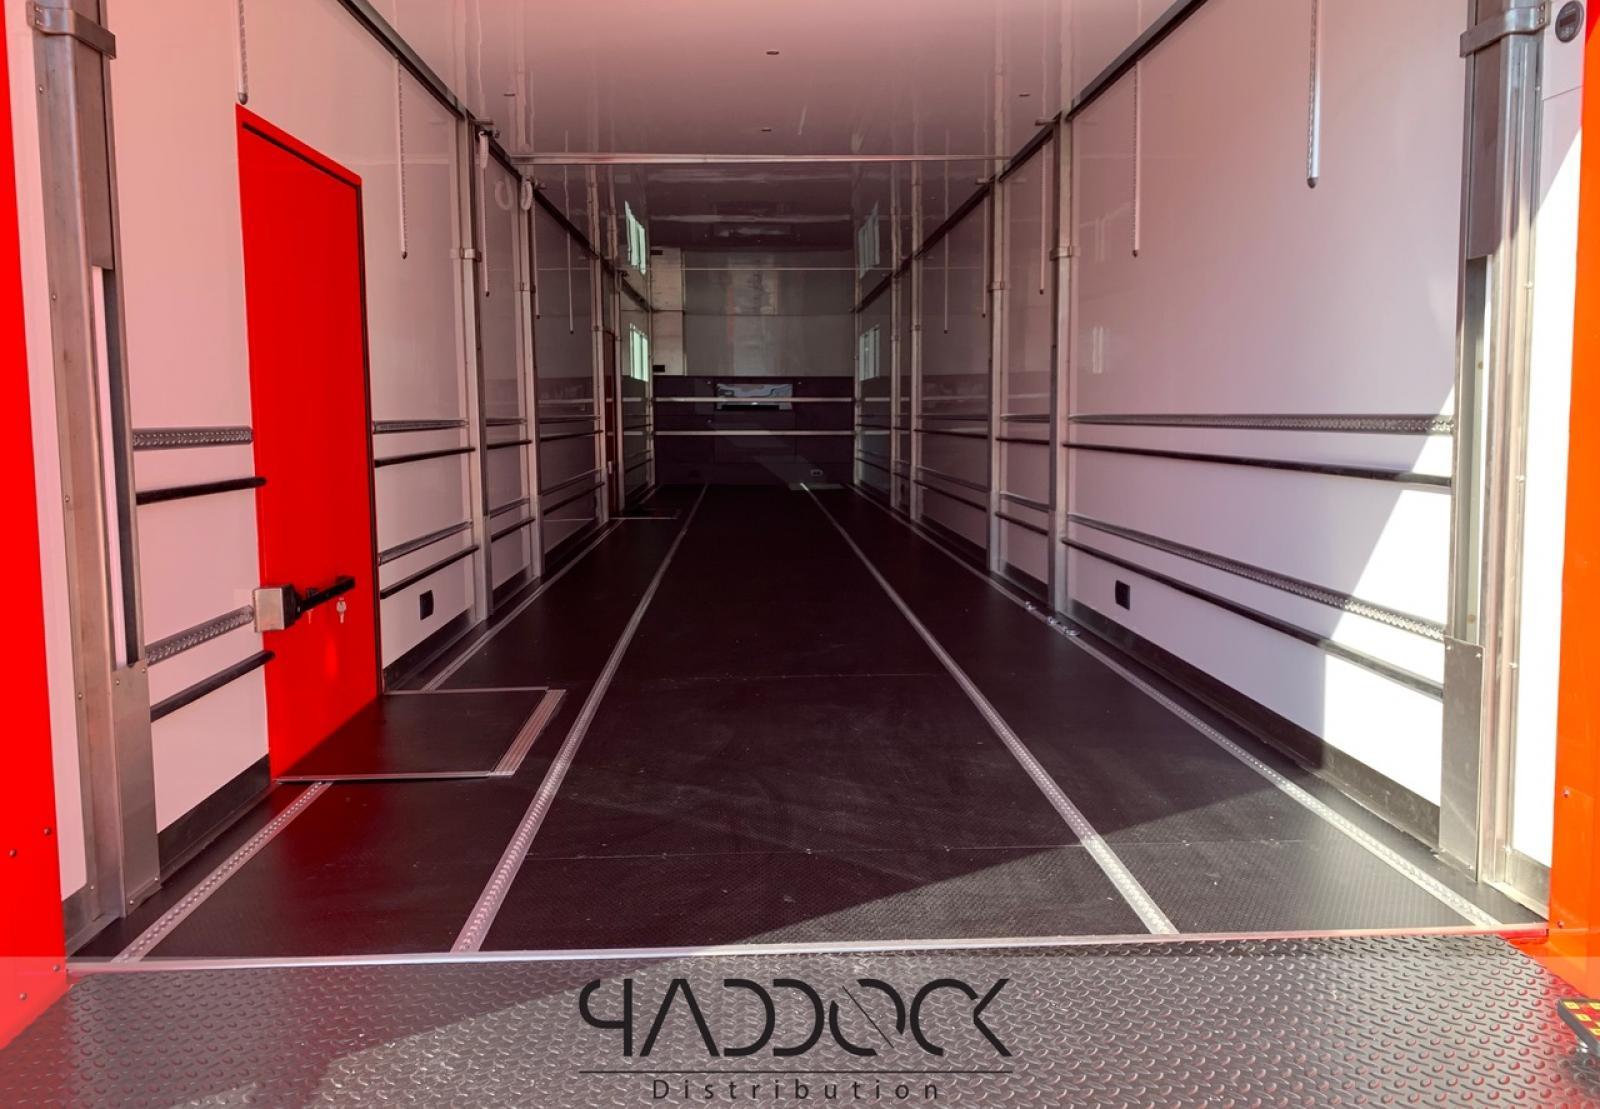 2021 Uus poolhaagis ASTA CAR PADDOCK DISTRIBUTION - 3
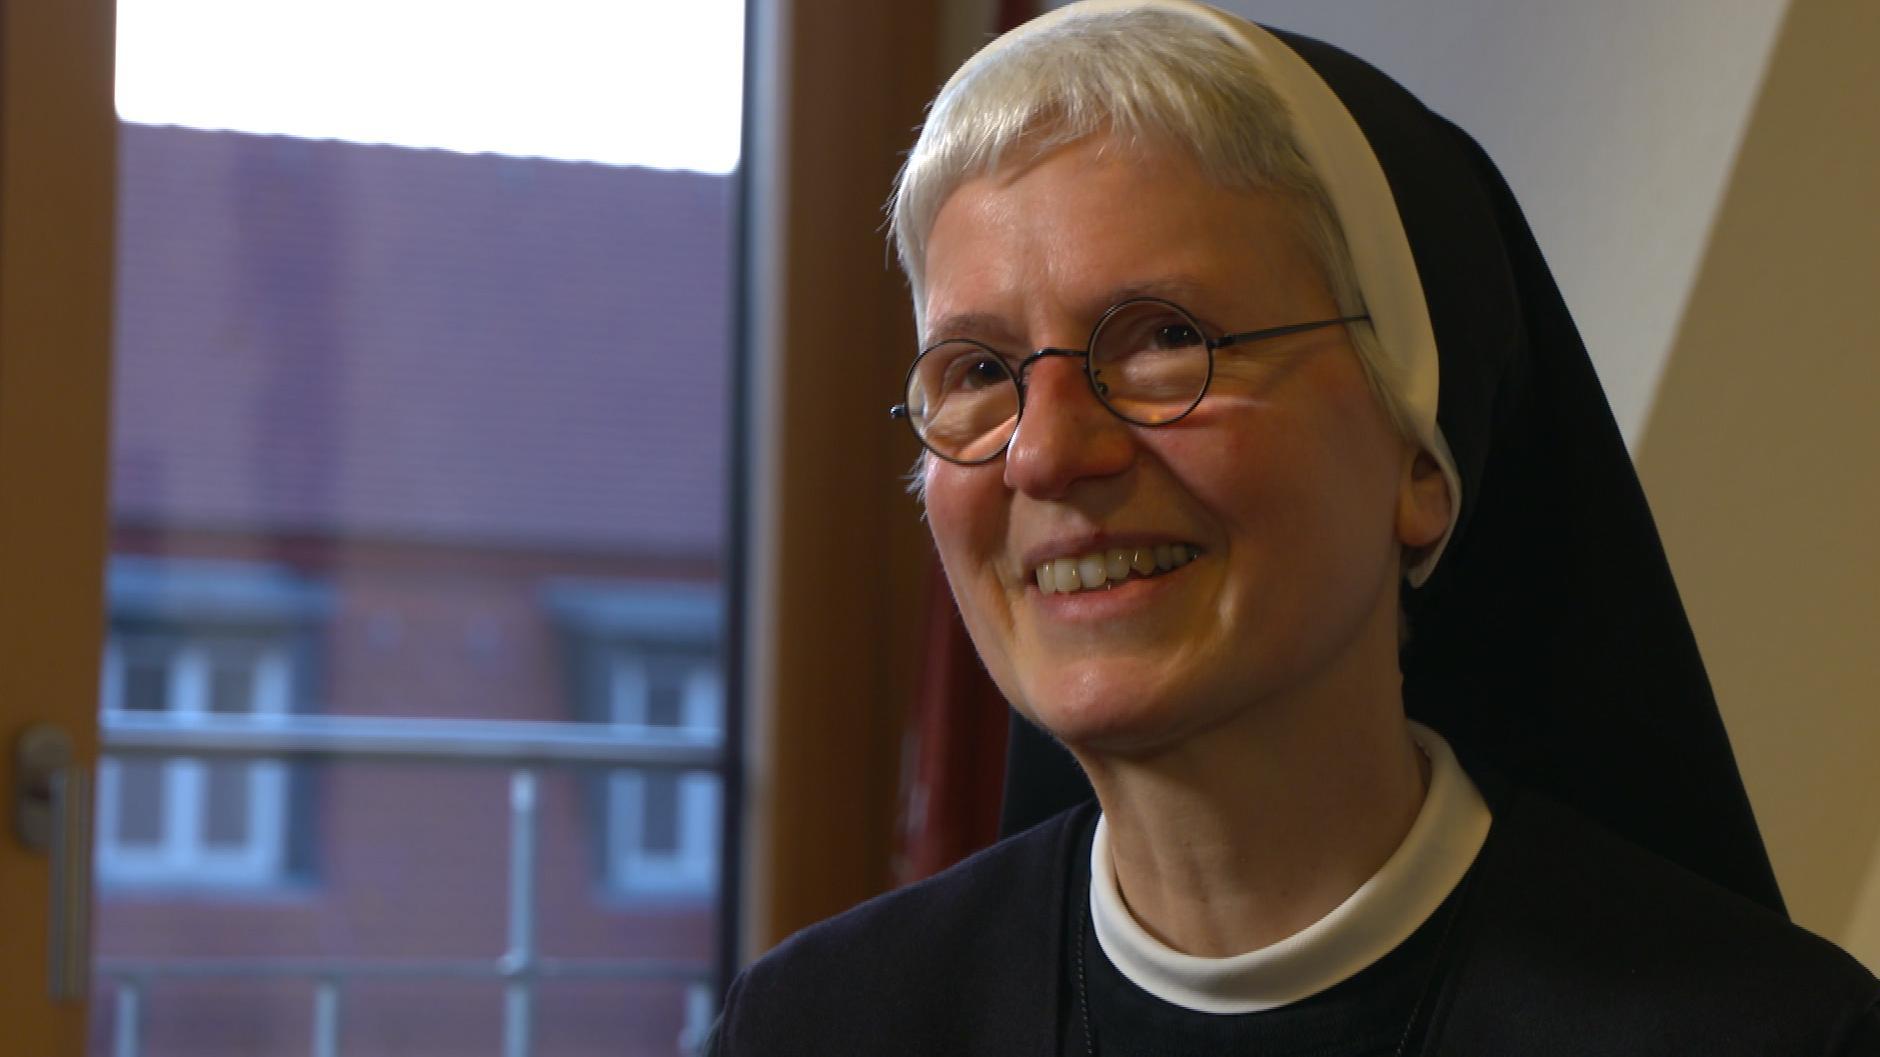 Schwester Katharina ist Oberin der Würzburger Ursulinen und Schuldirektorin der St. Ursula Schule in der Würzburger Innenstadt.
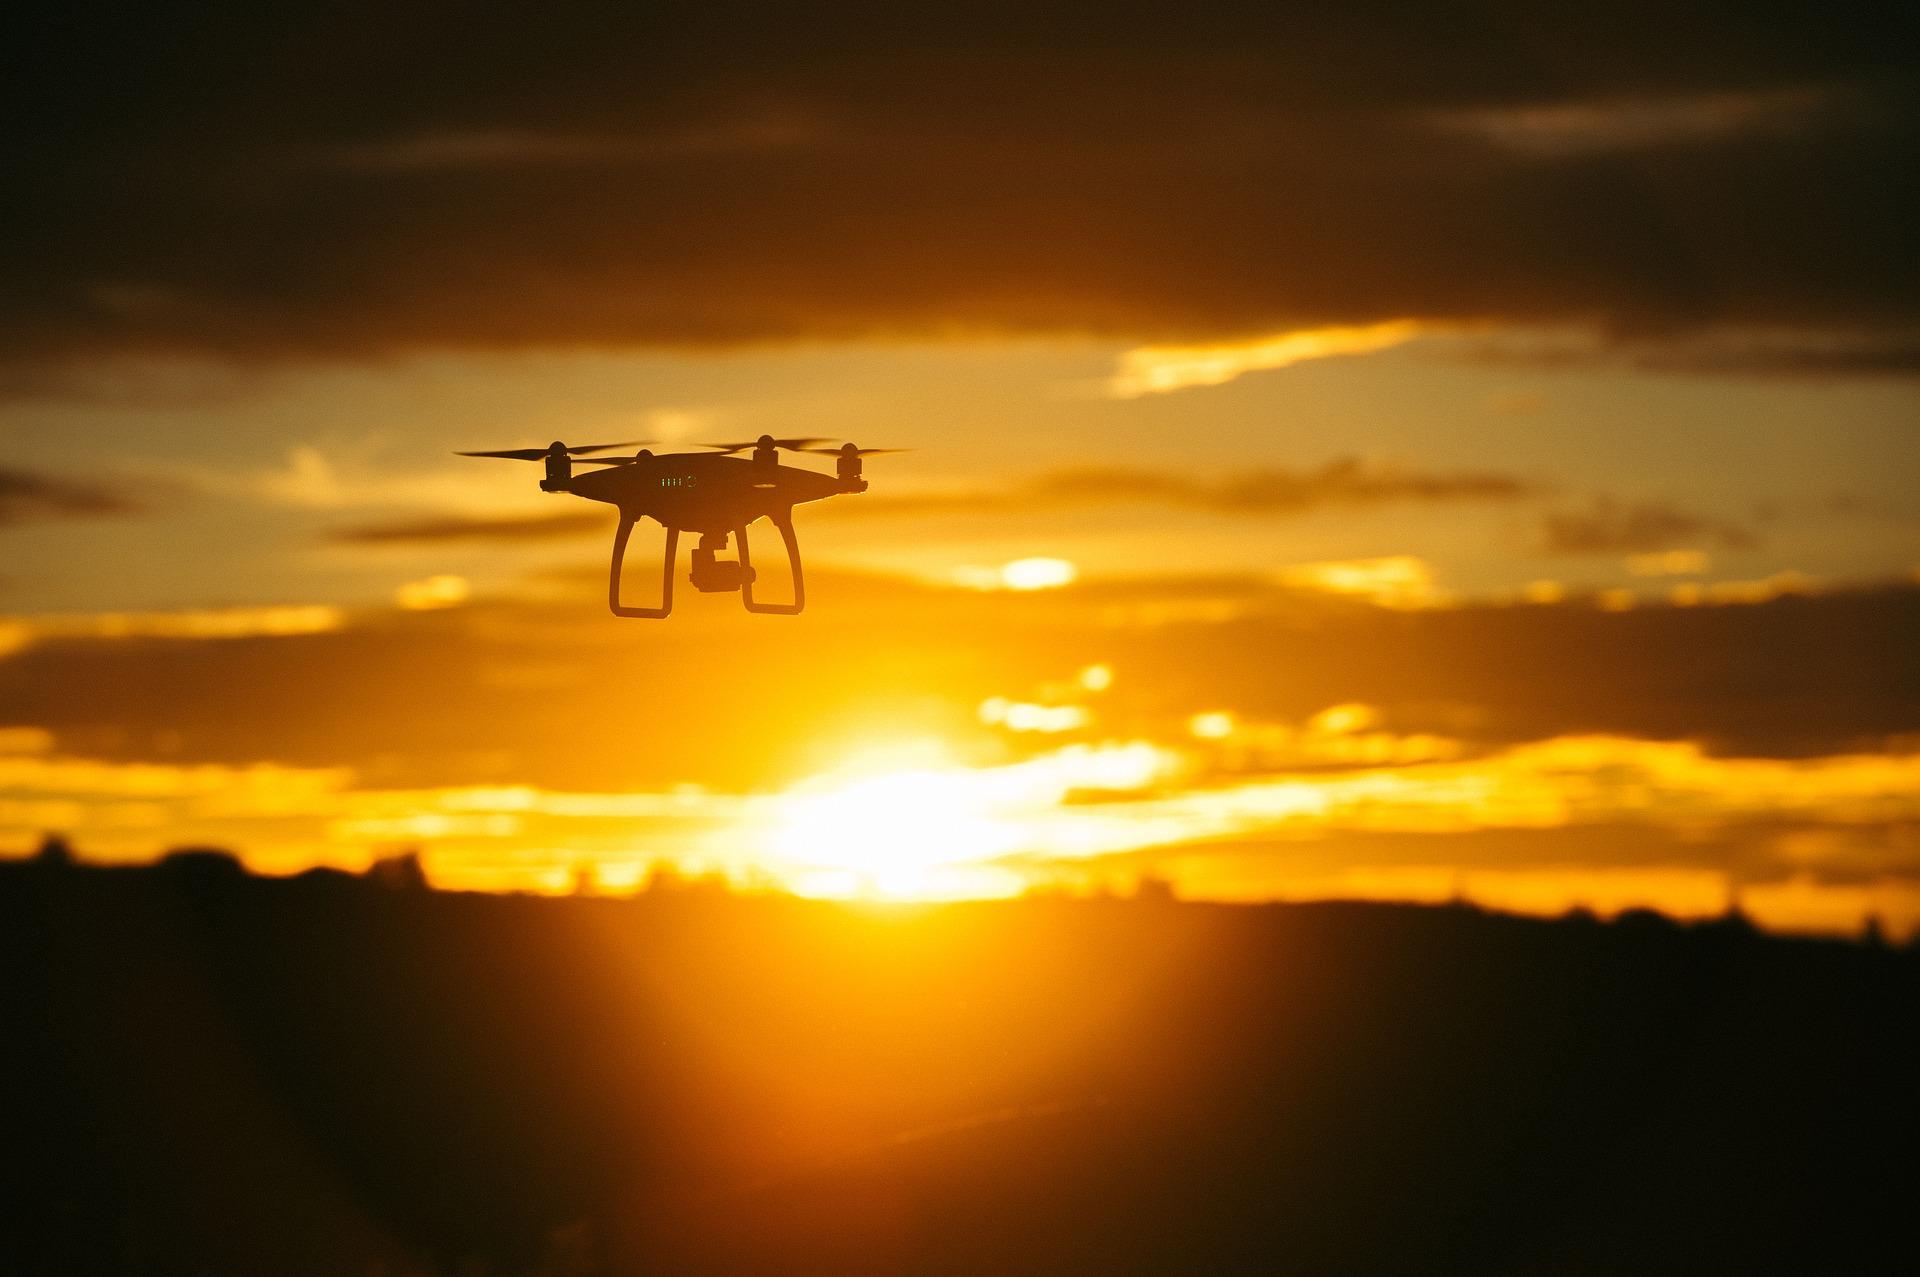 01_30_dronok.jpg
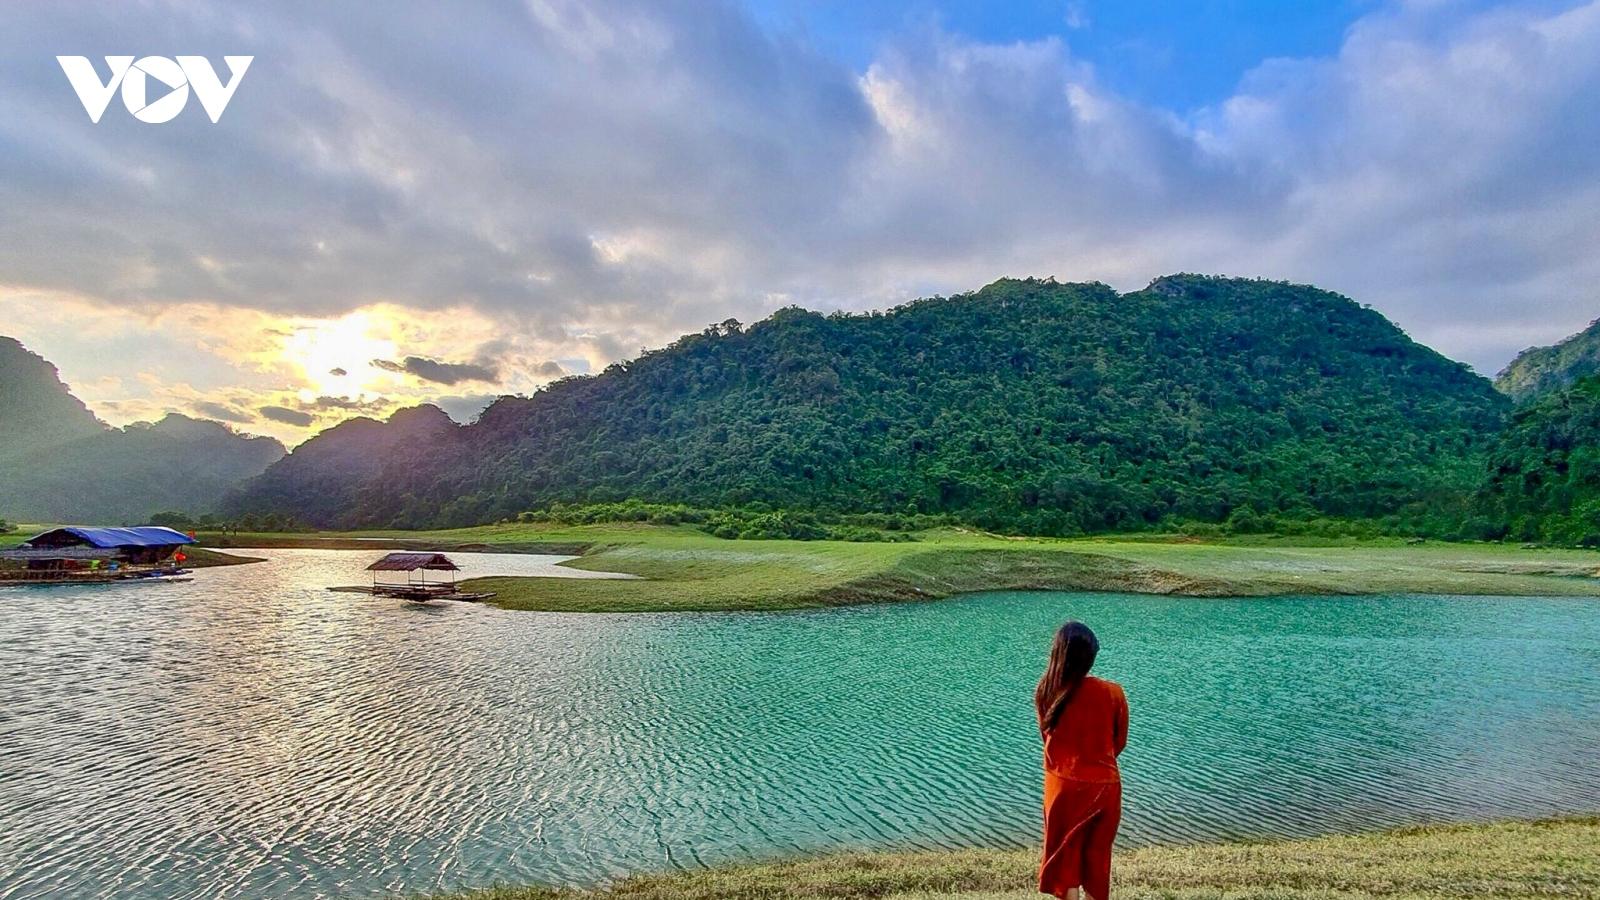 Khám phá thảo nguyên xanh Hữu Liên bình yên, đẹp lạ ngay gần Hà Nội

Work required —
Starting with the top line, write out all the data above exactly; keep the pictures out.

Solution to this problem —
 2021 Uus poolhaagis ASTA CAR PADDOCK DISTRIBUTION - 3
 Schwester Katharina ist Oberin der Würzburger Ursulinen und Schuldirektorin der St. Ursula Schule in der Würzburger Innenstadt.
 01_30_dronok.jpg
 Khám phá thảo nguyên xanh Hữu Liên bình yên, đẹp lạ ngay gần Hà Nội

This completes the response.